Data information: Data presented in panels (D–F) were relative to Hprt expression and normalised to the average value of the WT samples. Statistical analysis for all qPCR was two‐way ANOVA (D, E) or ordinary one‐way ANOVA with multiple‐comparison test (F); *P < 0.05; ***P < 0.001, ****P < 0.0001. Source data are available online for this figure.
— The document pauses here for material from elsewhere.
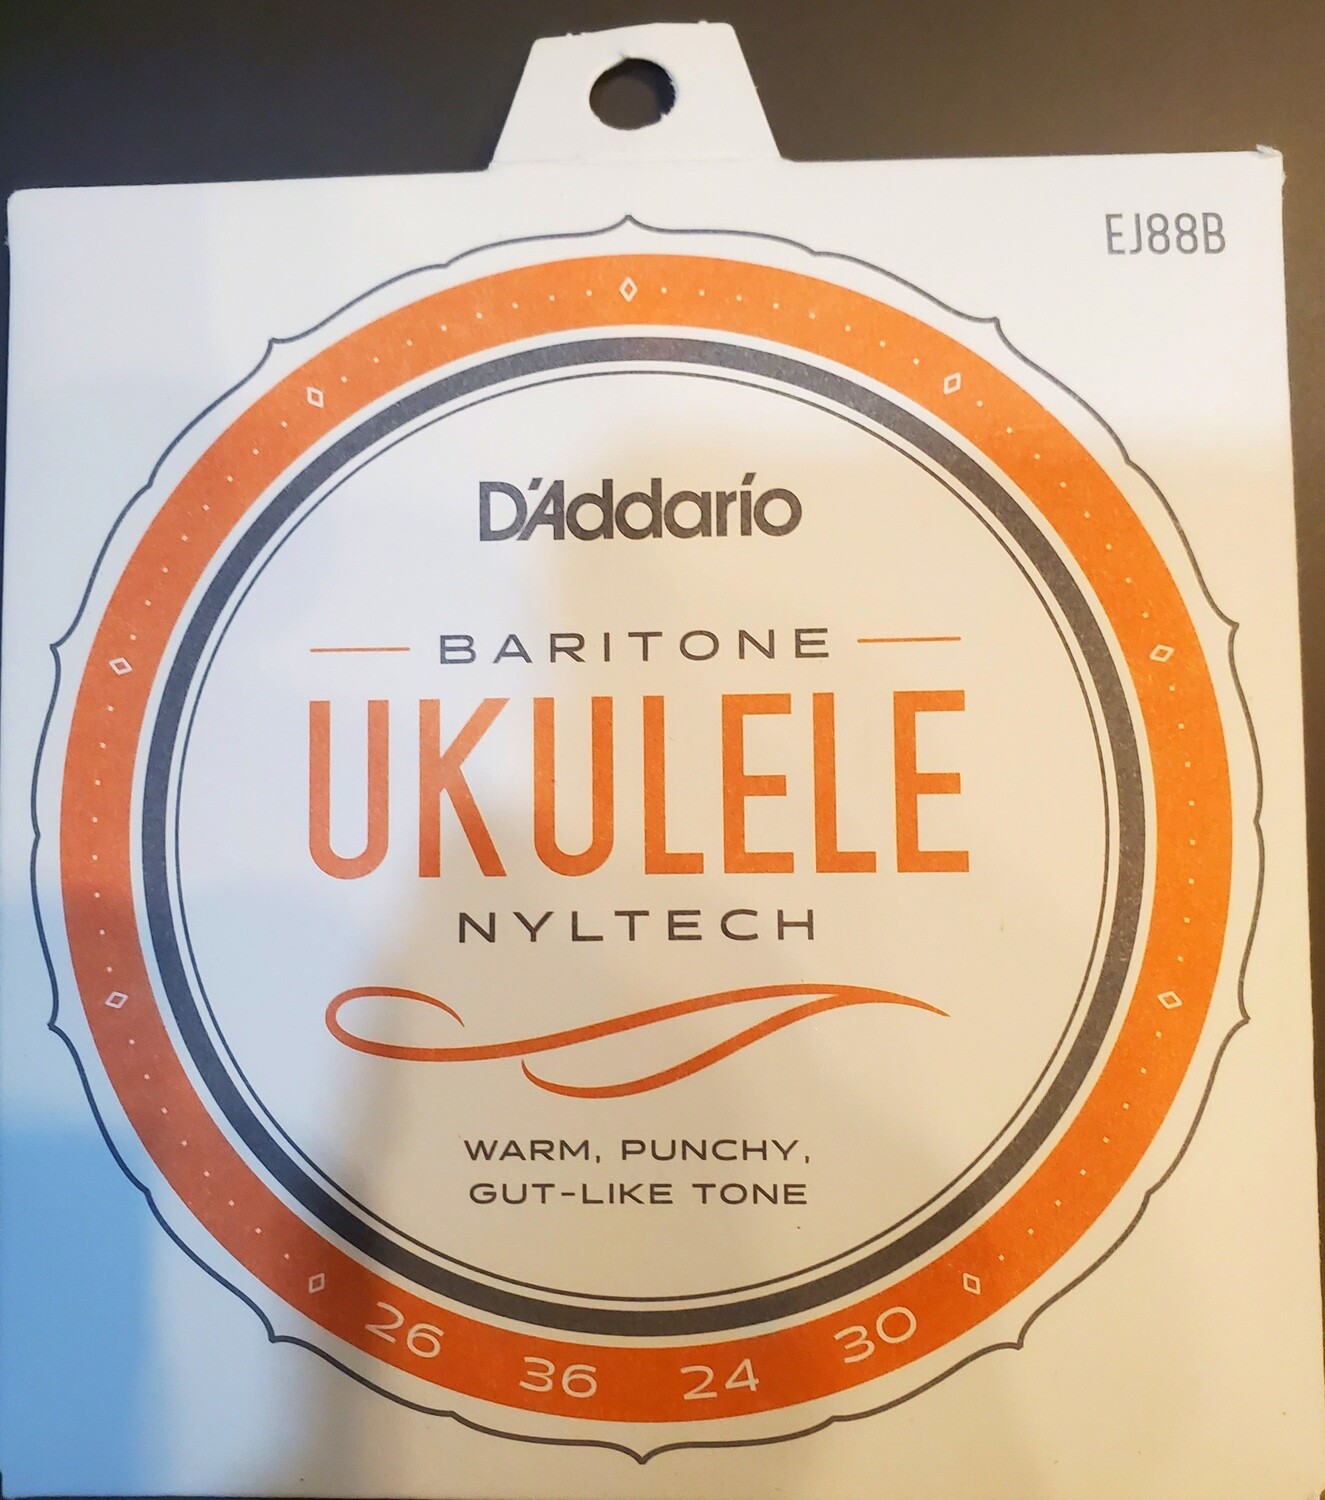 D'Addario Baritone Ukulele Nyltech Strings EJ88B

Figure 7. P195A/Δ sensitises to cell death following treatment with IFNβ

1. A

   Schematic outline of how the HOXA9‐immortalised myeloid cell lines are derived.

2. B

   Experimental outline.

3. C

   Genomic DNA genotyping demonstrating efficient recombination of the floxed Adar1 allele following tamoxifen treatment.

4. D, E

   (D) Average proliferation and (E) viability of cell lines with and without tamoxifen treatment (isogenic pairs) over 14 days of treatment (n = 3 independent lines per genotype; biological replicates).

5. F

   qPCR (SYBR green) analysis of Ifit1 (left) and Irf7 (right) expression on day 14 of analysis.

6. G

   Cell viability at IFNβ dosages 0, 50 and 1,000 U/ml after 24 h. Statistical analysis was two‐way ANOVA with multiple‐comparisons correction.

7. H

   qPCR (SYBR green) of Ifit1 (left) and Irf7 (right) expression in the cell lines collected at 3 or 24 h post‐treatment with 50 or 1,000 U/ml of IFNβ. No statistical difference between genotypes in Ifit1 (left) and Irf7 (right) expression.

Data information: For data in panels (D) through (H), the experiments were performed with three independently derived cell lines per genotype (biological replicates). The qPCR data are expressed as mean ± SEM gene expression relative to Ppia expression. *P < 0.05; ***P < 0.001, ****P < 0.0001. Source data are available online for this figure.